» **Exercise details**: Return exactly the lines from the one containing "Photo 8: Villa" through the end of the material below, and leave the images out.

------ Collected material ------

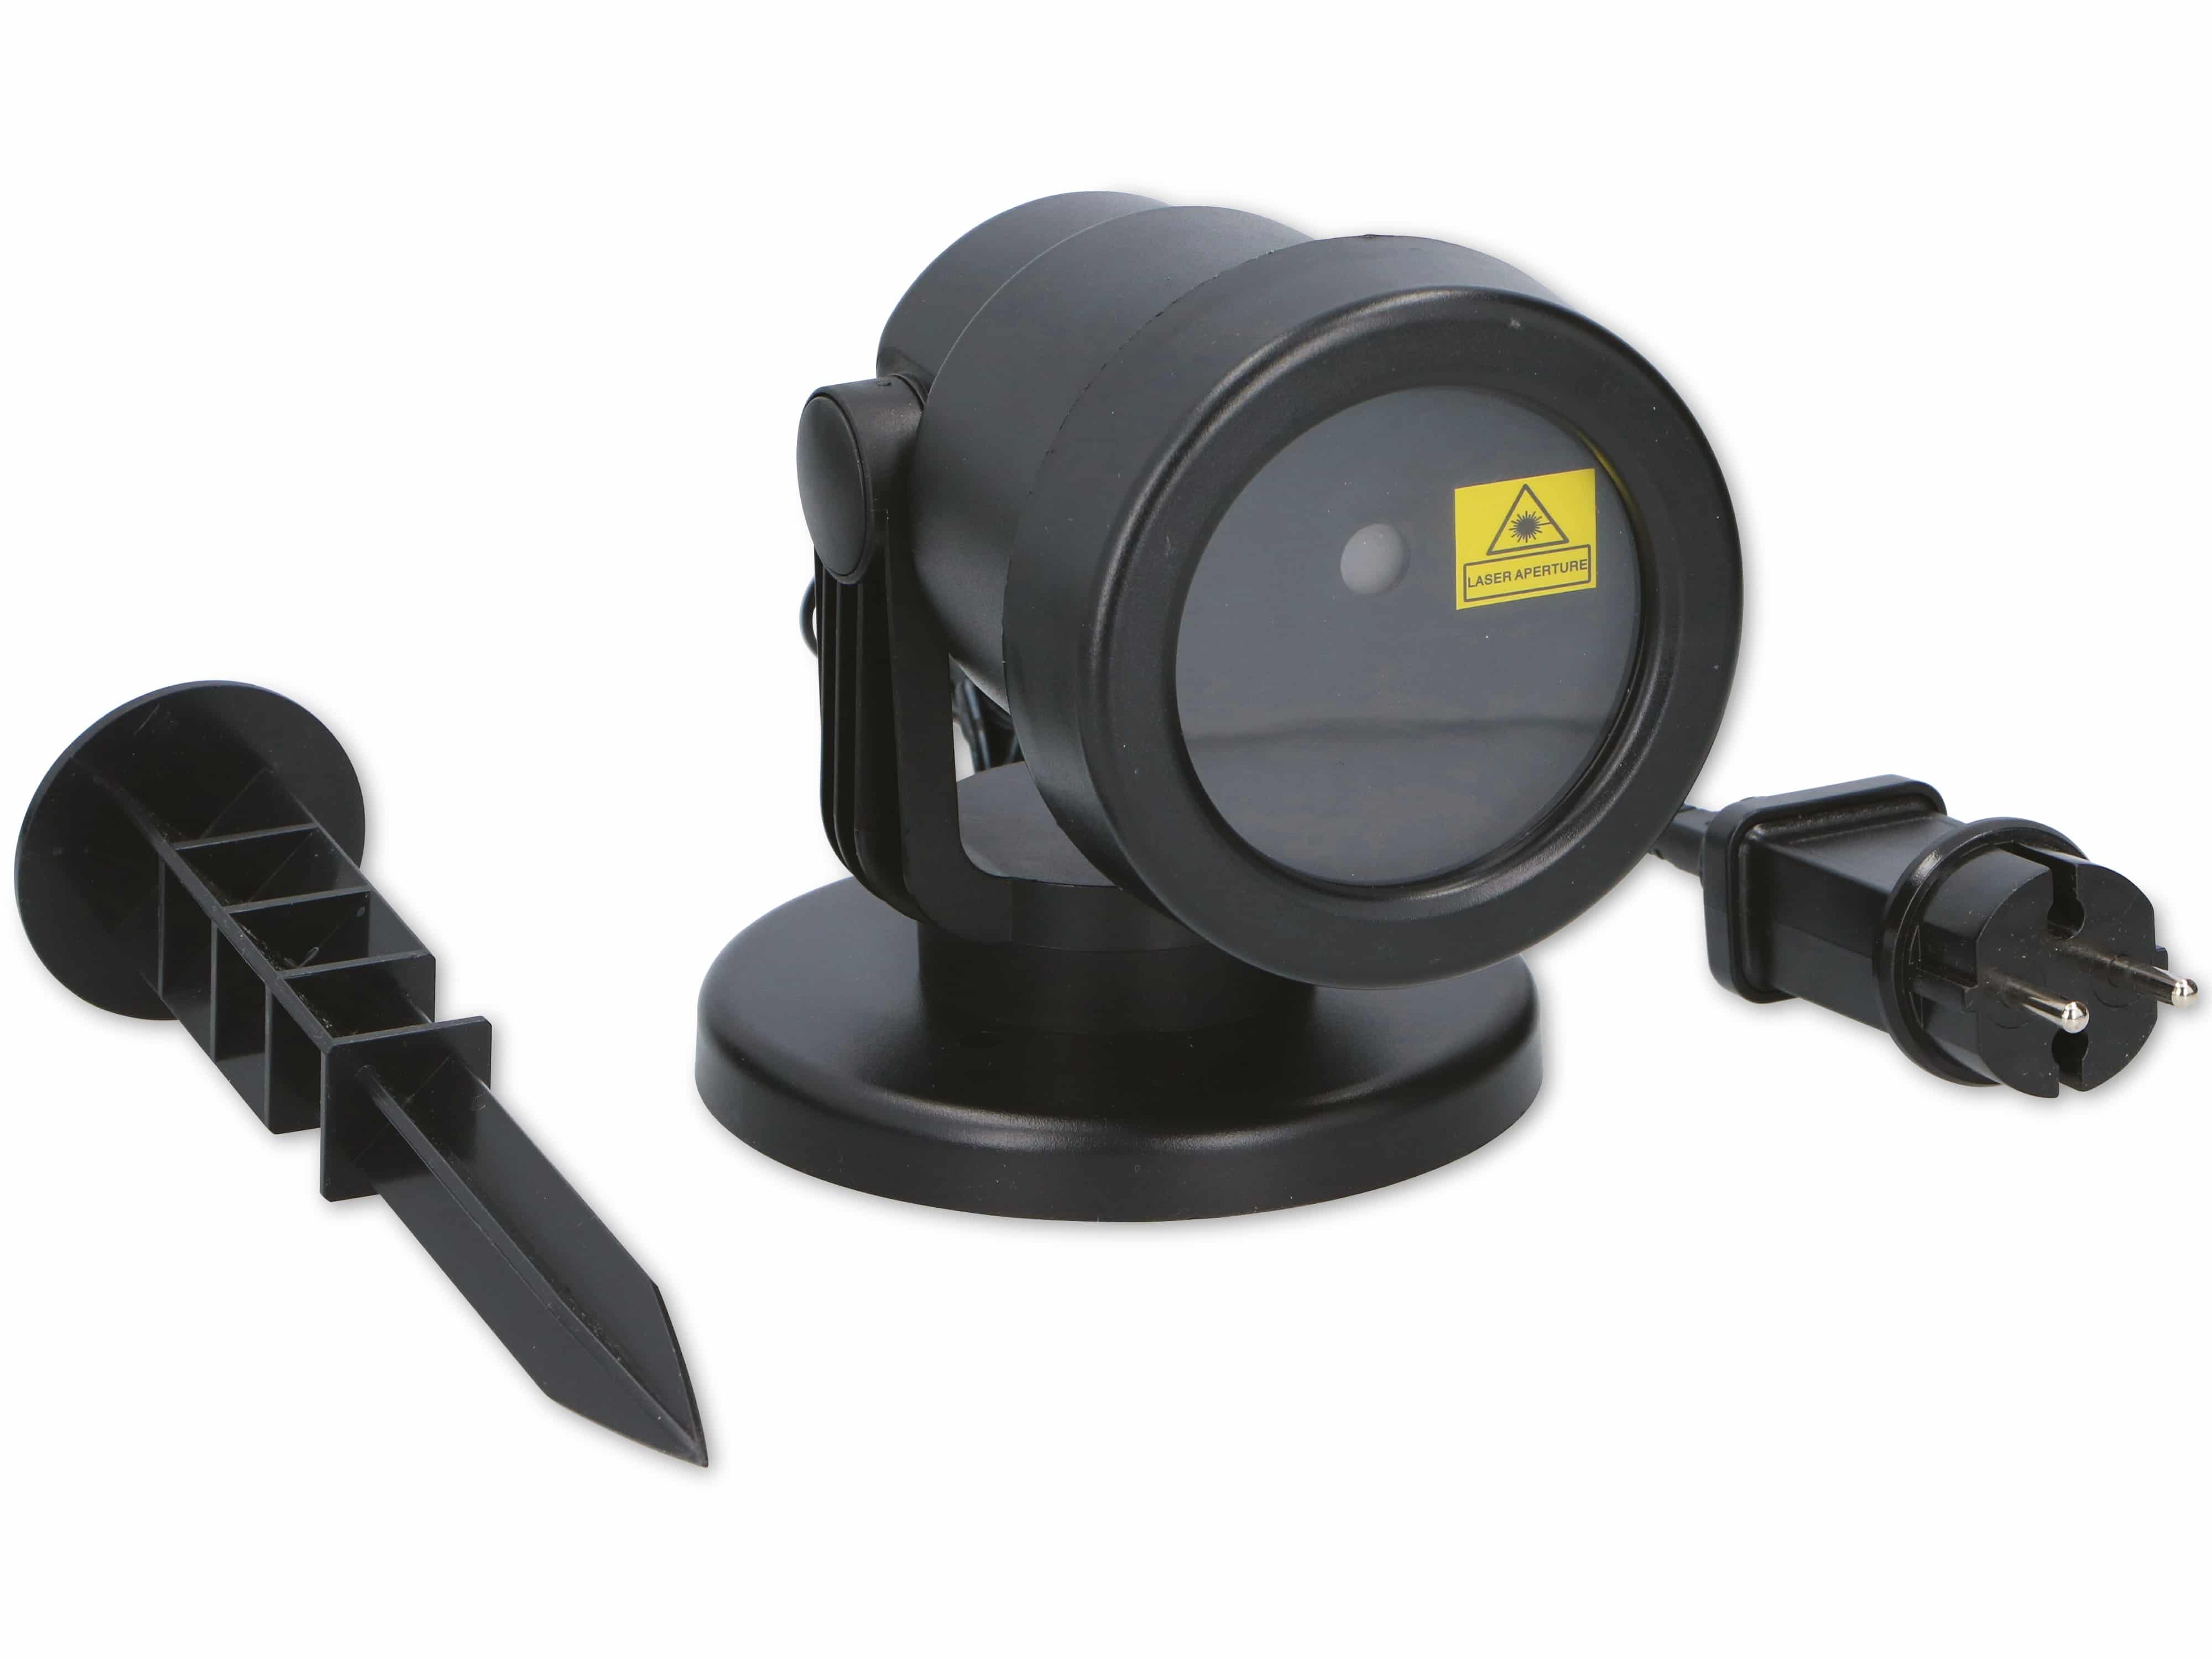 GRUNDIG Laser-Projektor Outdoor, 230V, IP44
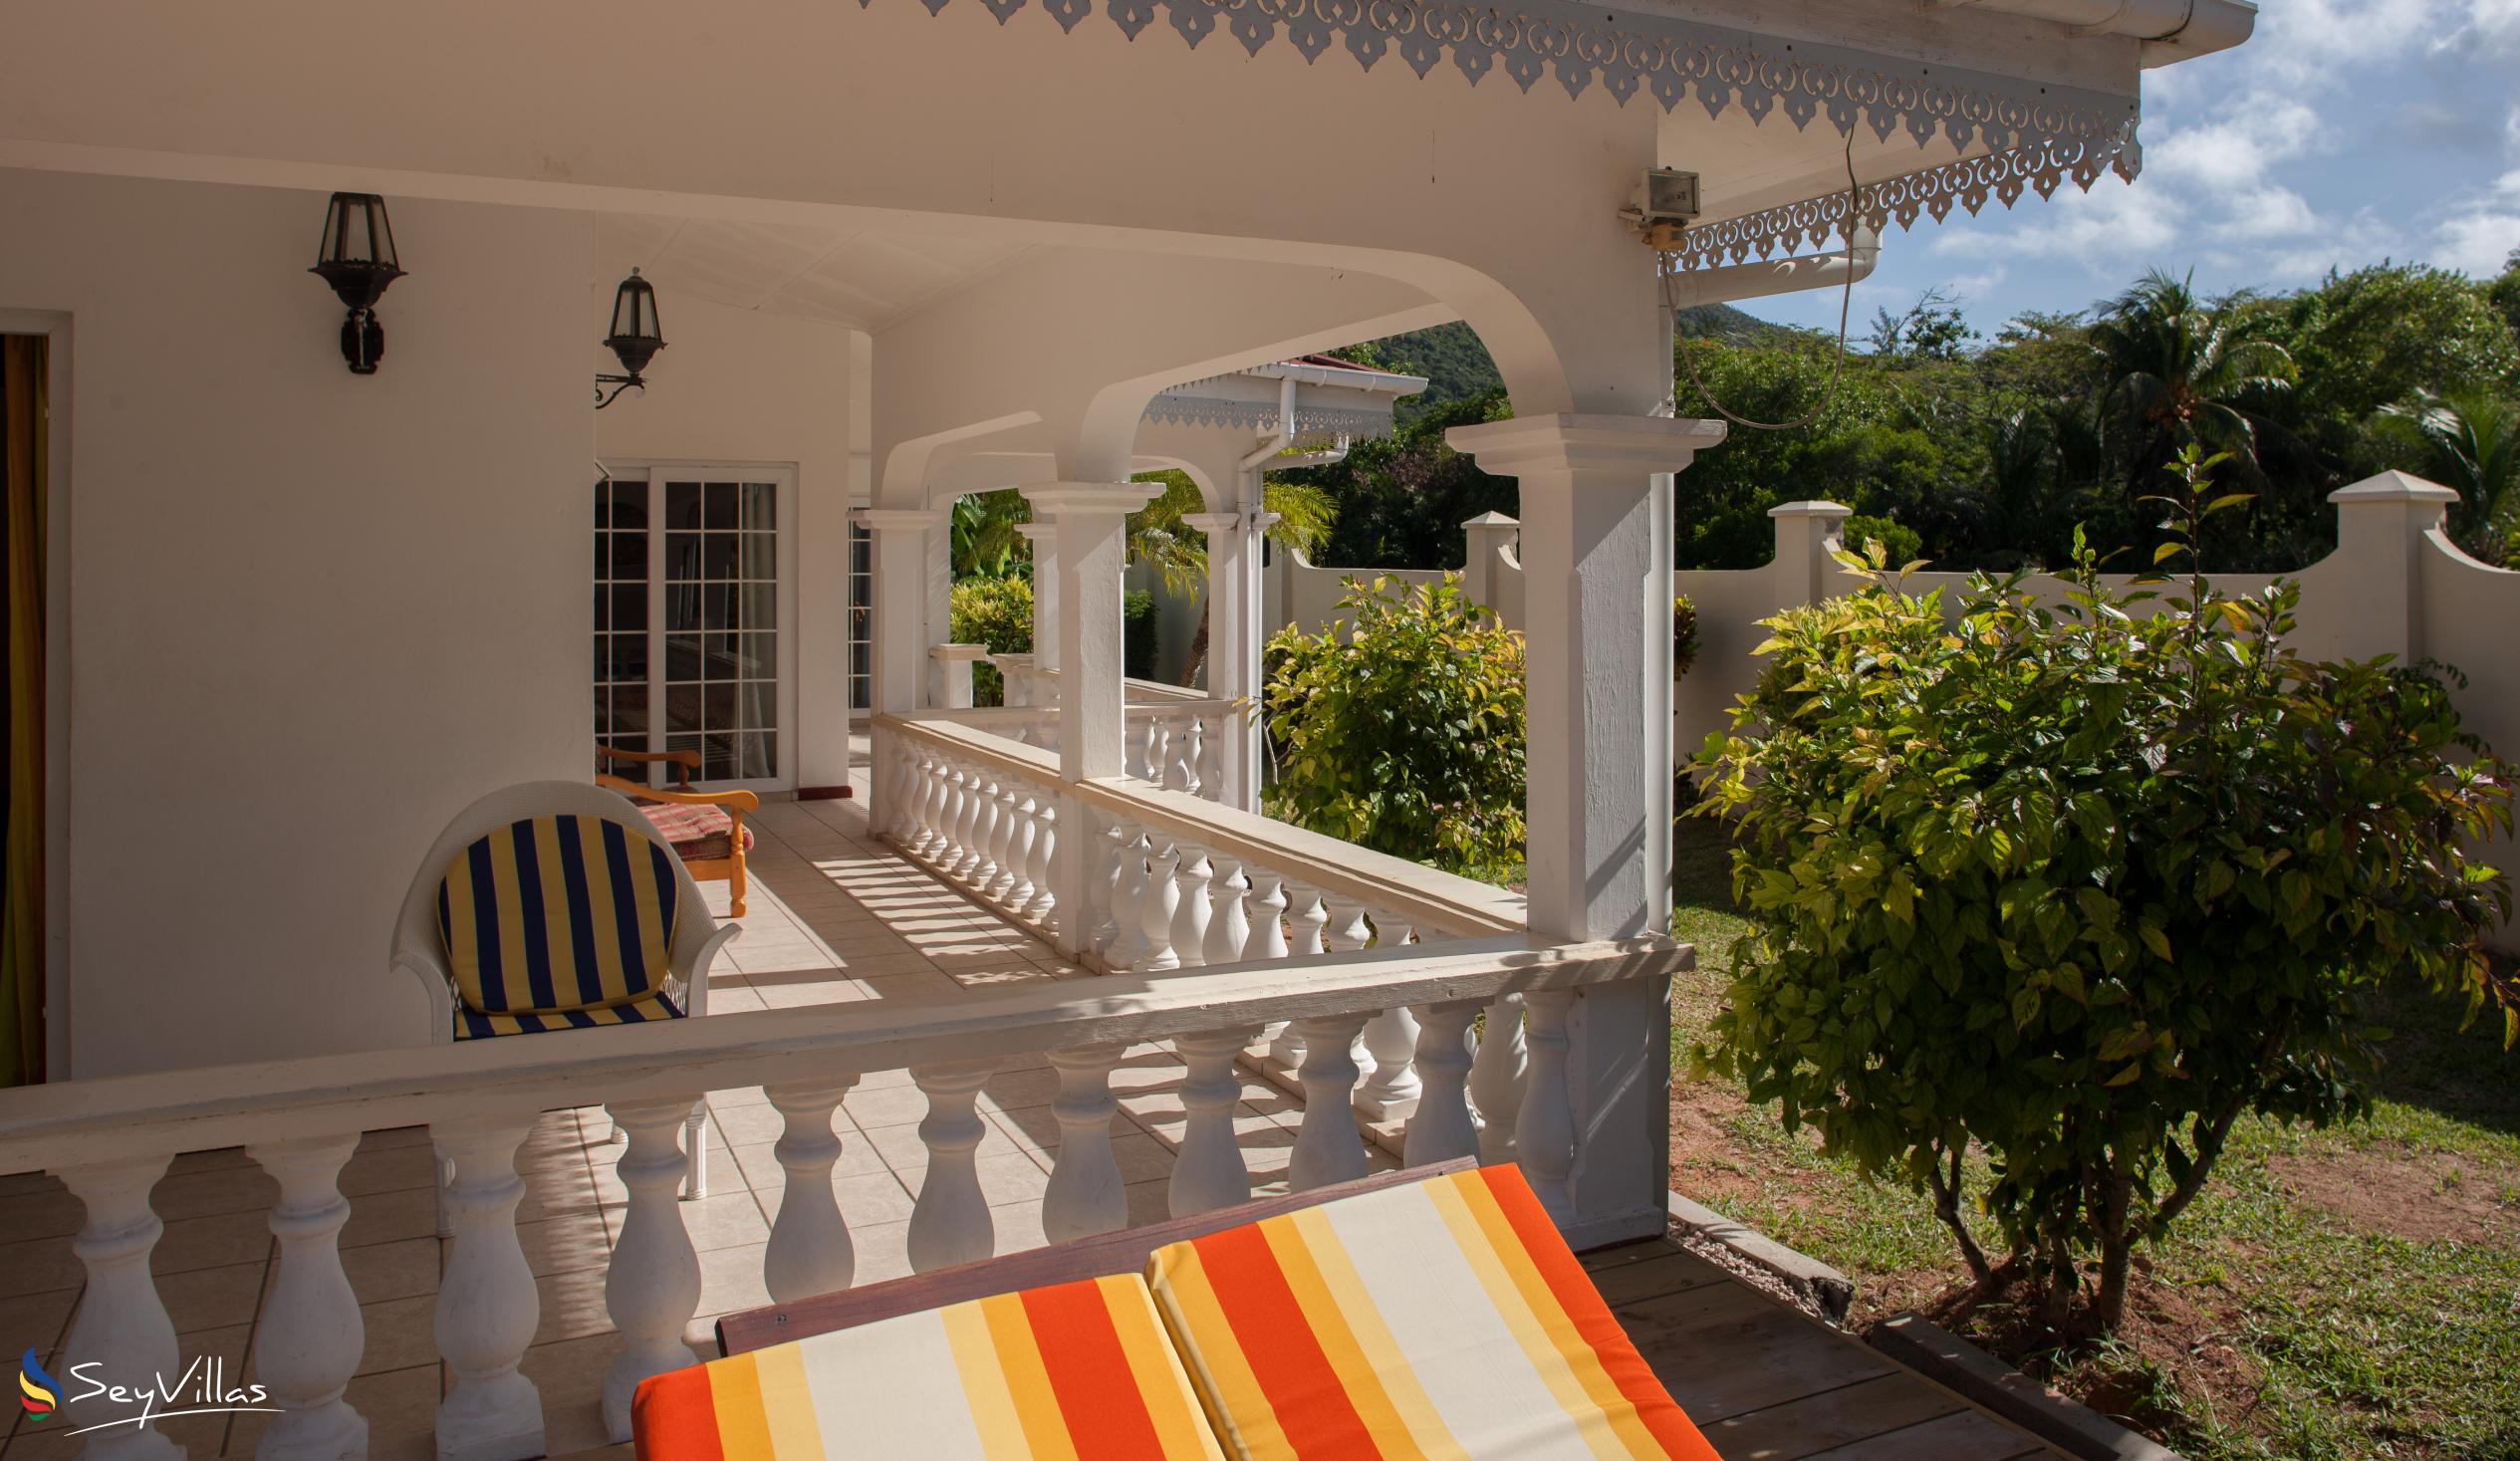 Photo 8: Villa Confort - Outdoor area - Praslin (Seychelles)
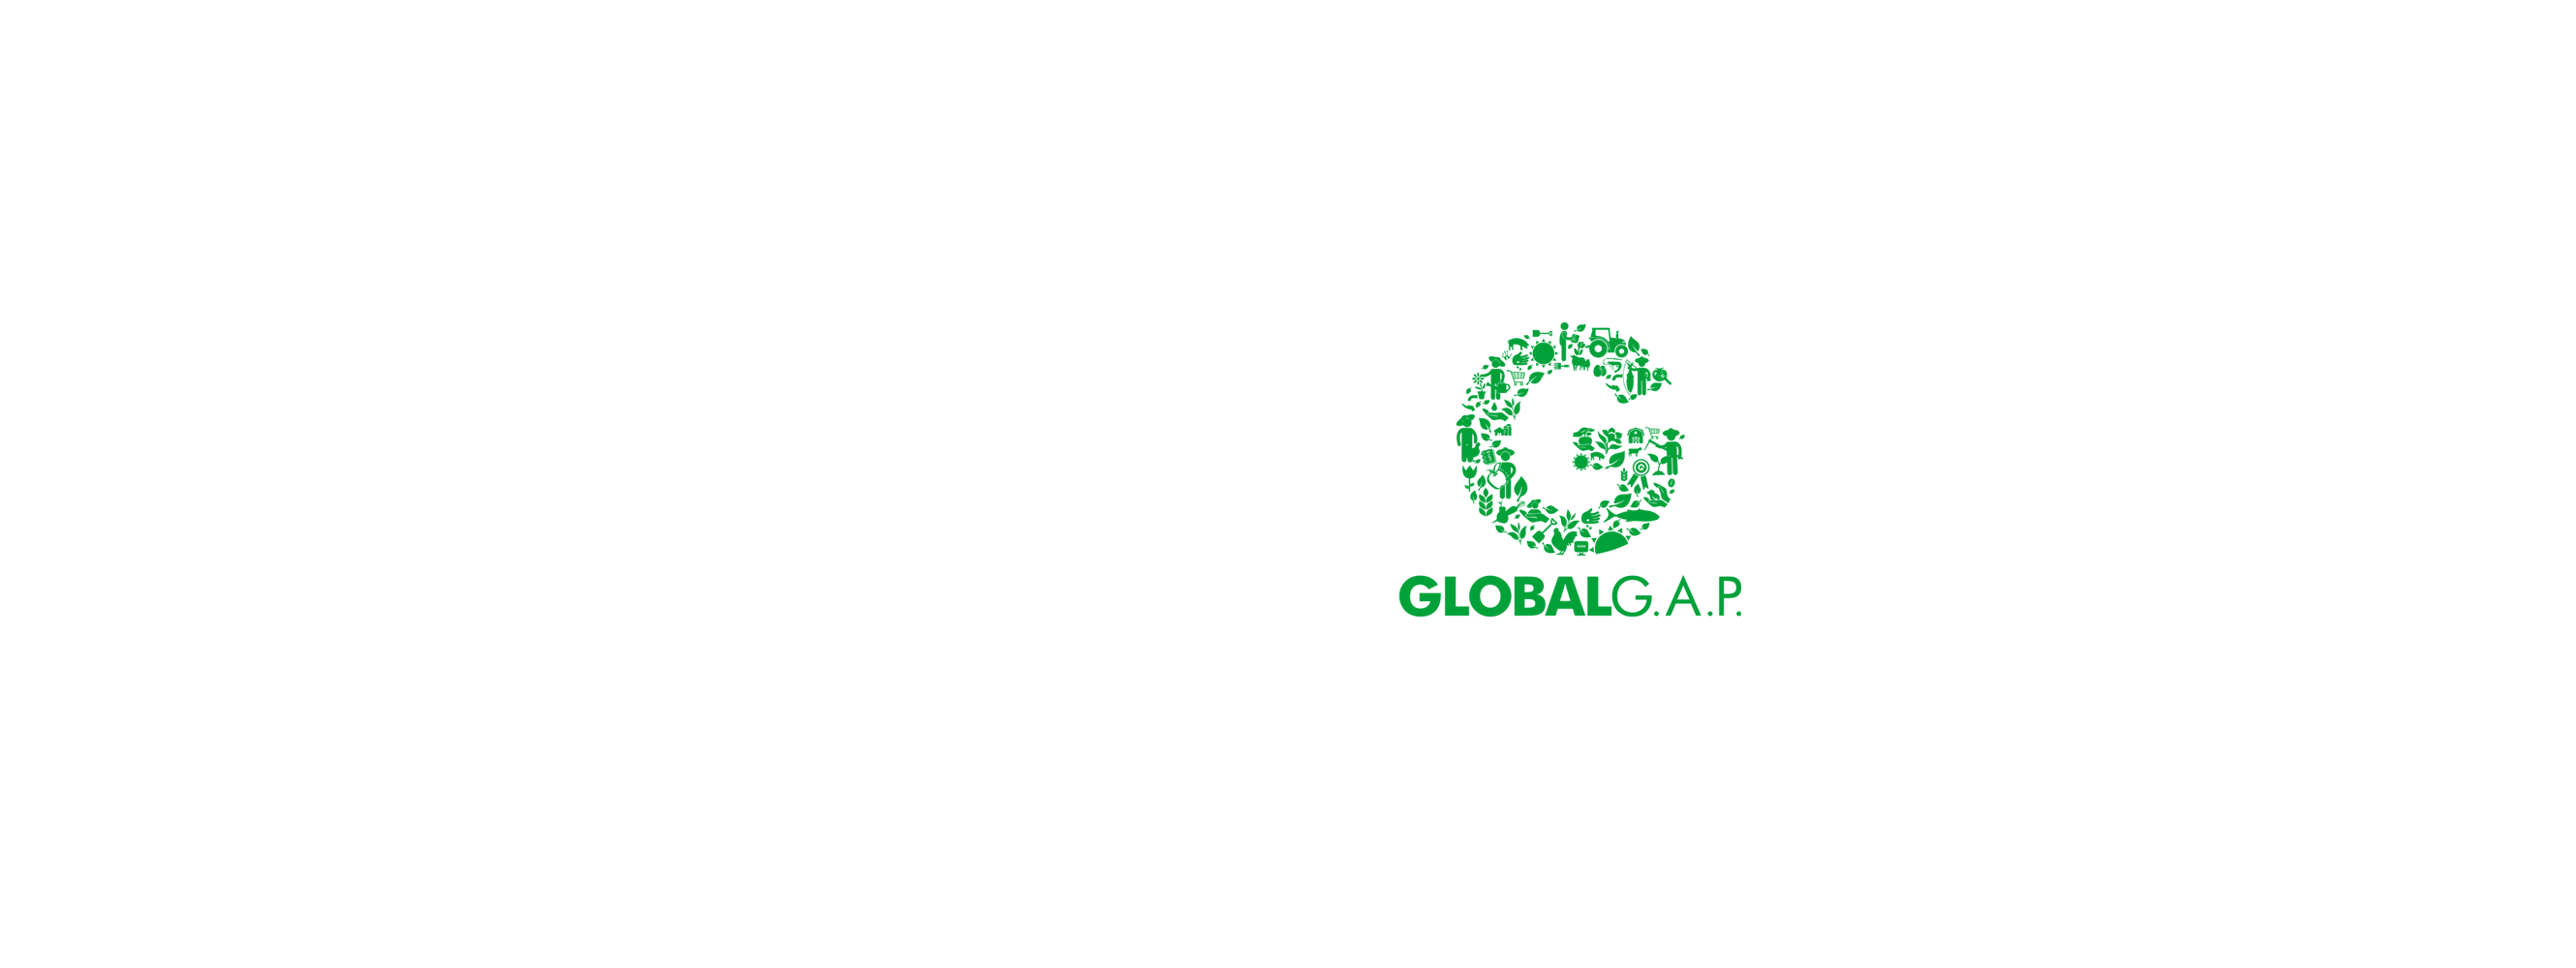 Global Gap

------

» **Response to this task**:
 Photo 8: Villa Confort - Outdoor area - Praslin (Seychelles)
 Global Gap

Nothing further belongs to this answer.